The Global Environment for Network Innovations (GENI) is a large-scale, experimental facility to support the experimental exploration of robust new networking, distributed systems, and service architectures. GENI is a comprehensive, continental-scale research facility that allows controlled end-to-end experimentation with new architectures, protocols, services, data dissemination techniques, and more, running over an extensive national fiber optic infrastructure with next generation dynamic optical switching and routing, fully programmable core and edge nodes, heterogeneous sensor networks, wireless networks and other edge devices. All infrastructure is shared among a large number of individual, simultaneous experiments and is instrumented for the collection, analysis and pooling of measurements.

 

POWDER-RENEW

www.powderwireless.net 

The Platform for Open Wireless Data-driven Experimental Research (POWDER) supports at-scale experimentation of novel advanced wireless broadband and communication technologies in the sub-6 GHz band.
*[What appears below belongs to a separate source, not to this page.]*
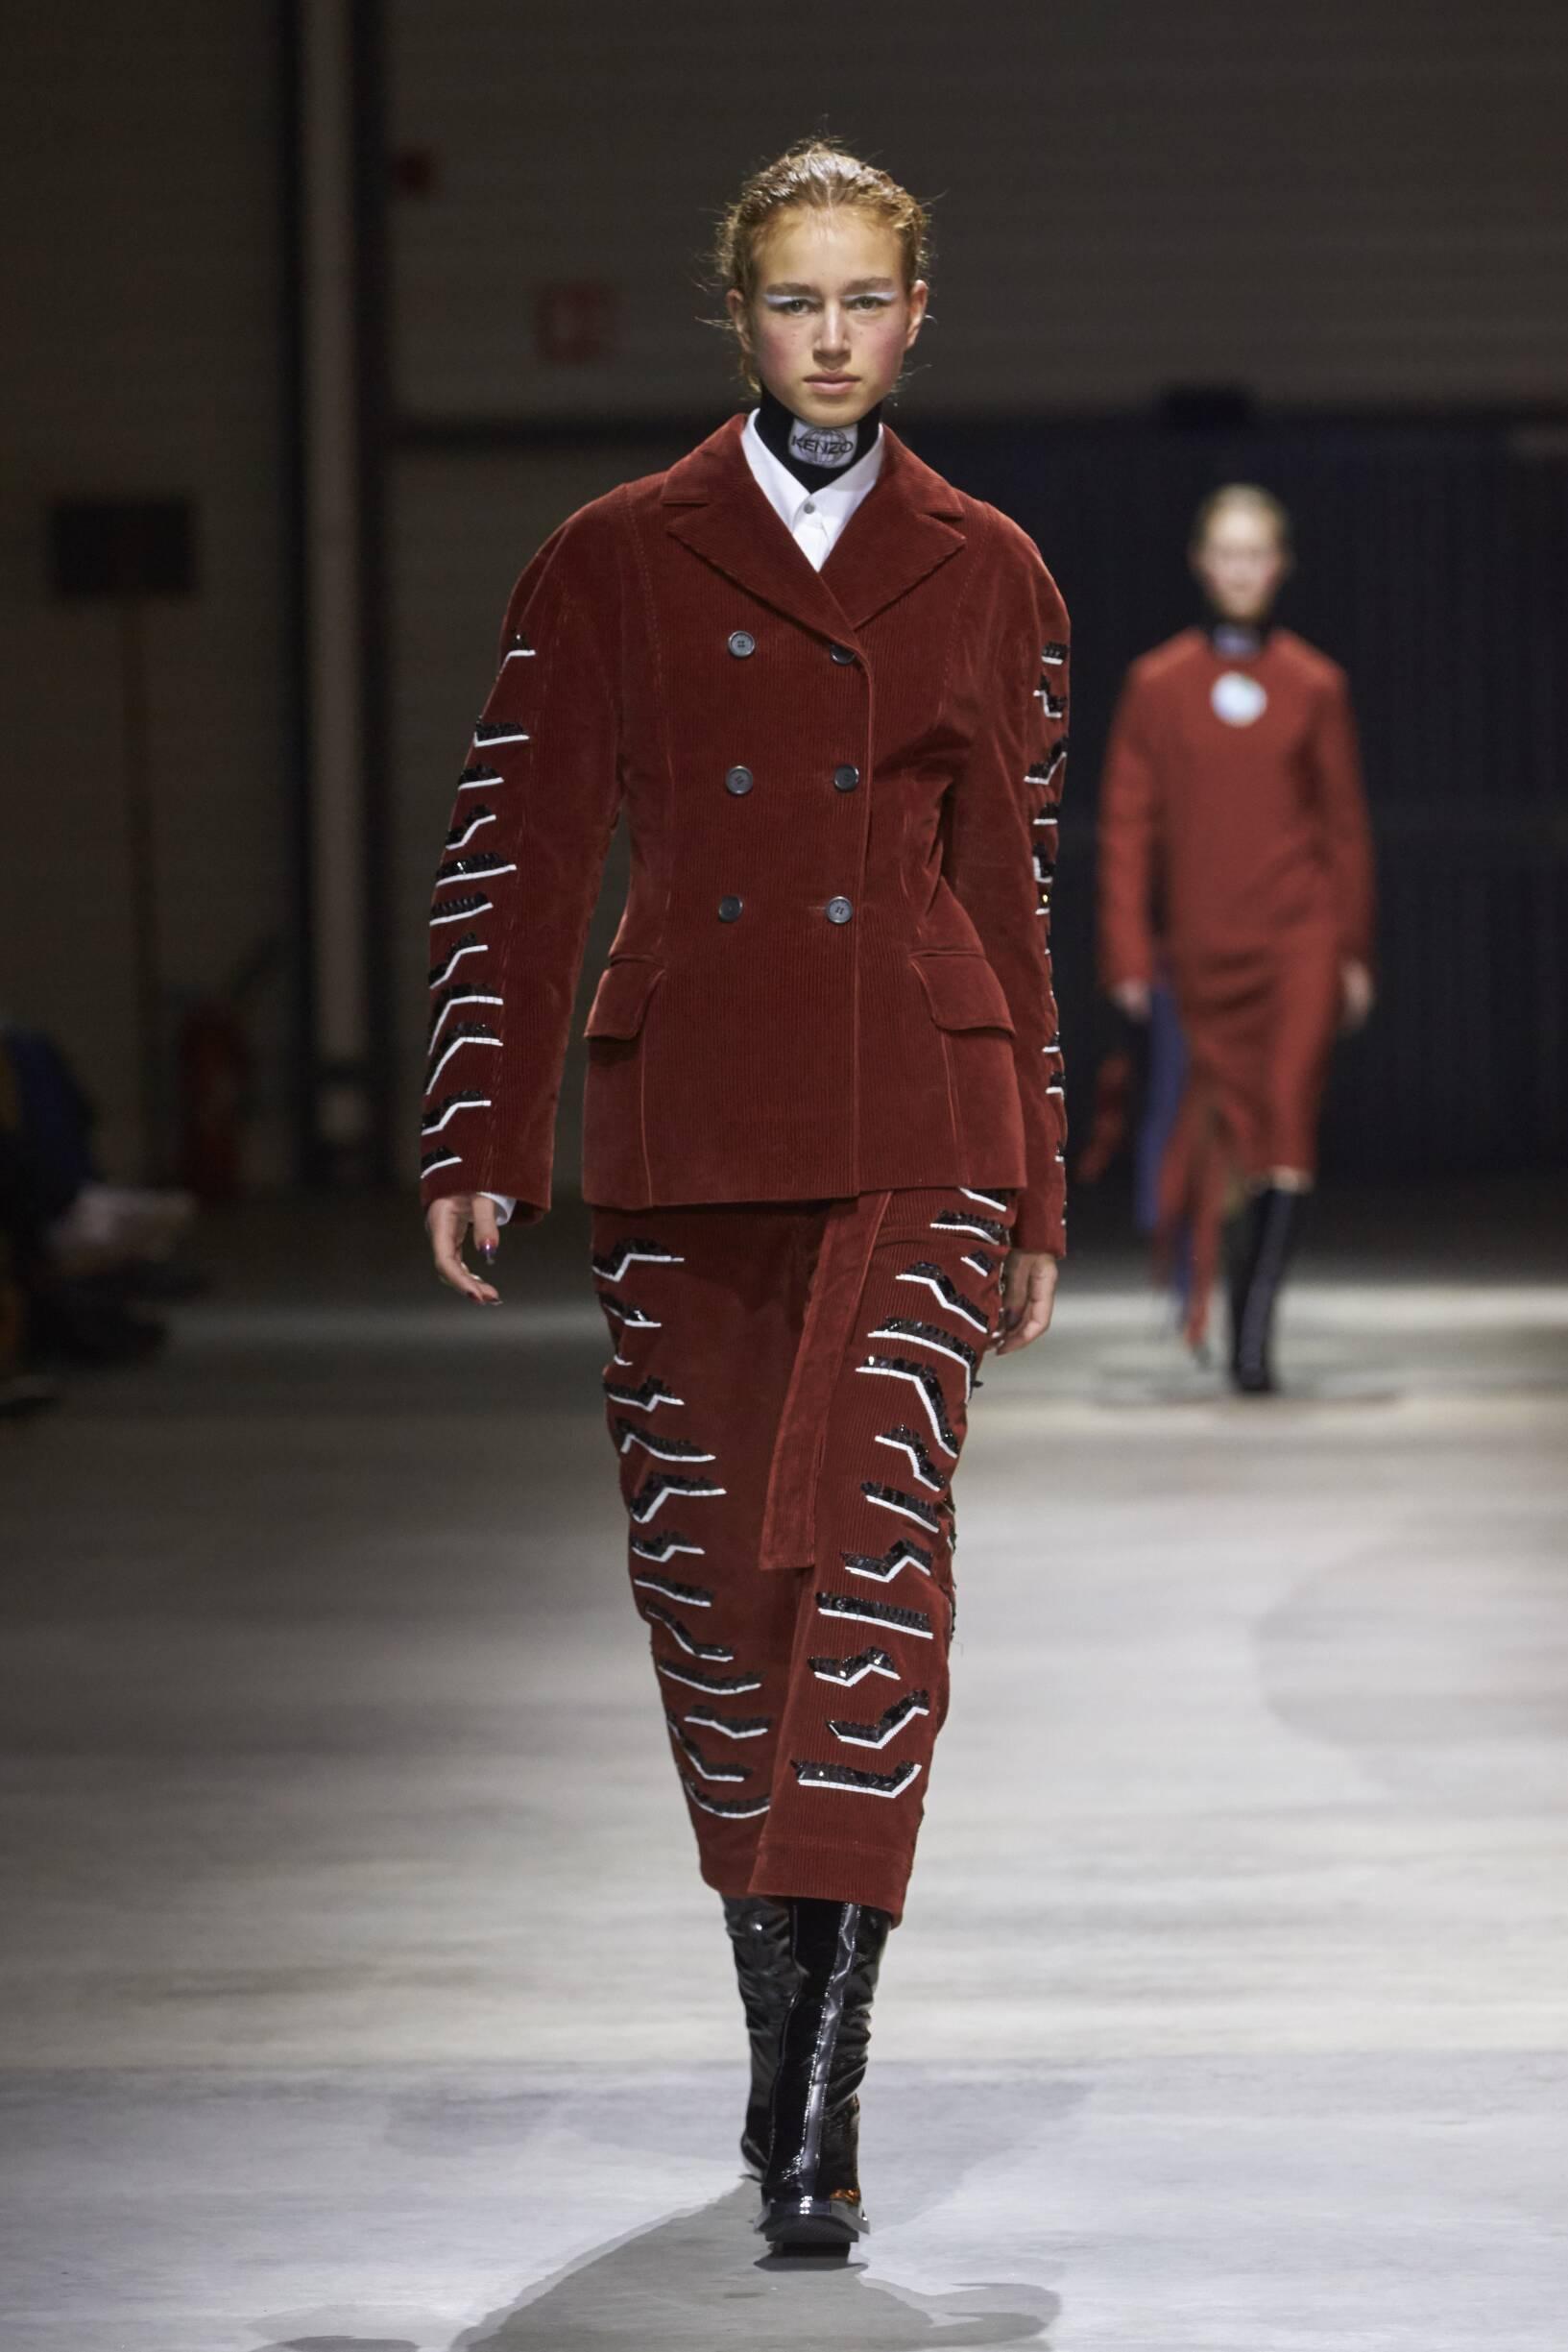 Fashion Woman Model Kenzo Catwalk 17-18

The project features interactions with regional networks encompassing initiatives on public transportation, broadband delivery, education and health service delivery as well as advancement of science, technology and research by creating an ecosystem of a hundred small companies in allied technical domains. A key feature of the platform is the partnership with the Reconfigurable Eco-system for Next-generation End-to-end Wireless (RENEW) project at Rice University to develop a highly programmable and flexible massive multi-input multi-output (MIMO) platform that is an essential feature of both 5G and beyond-5G wireless networks.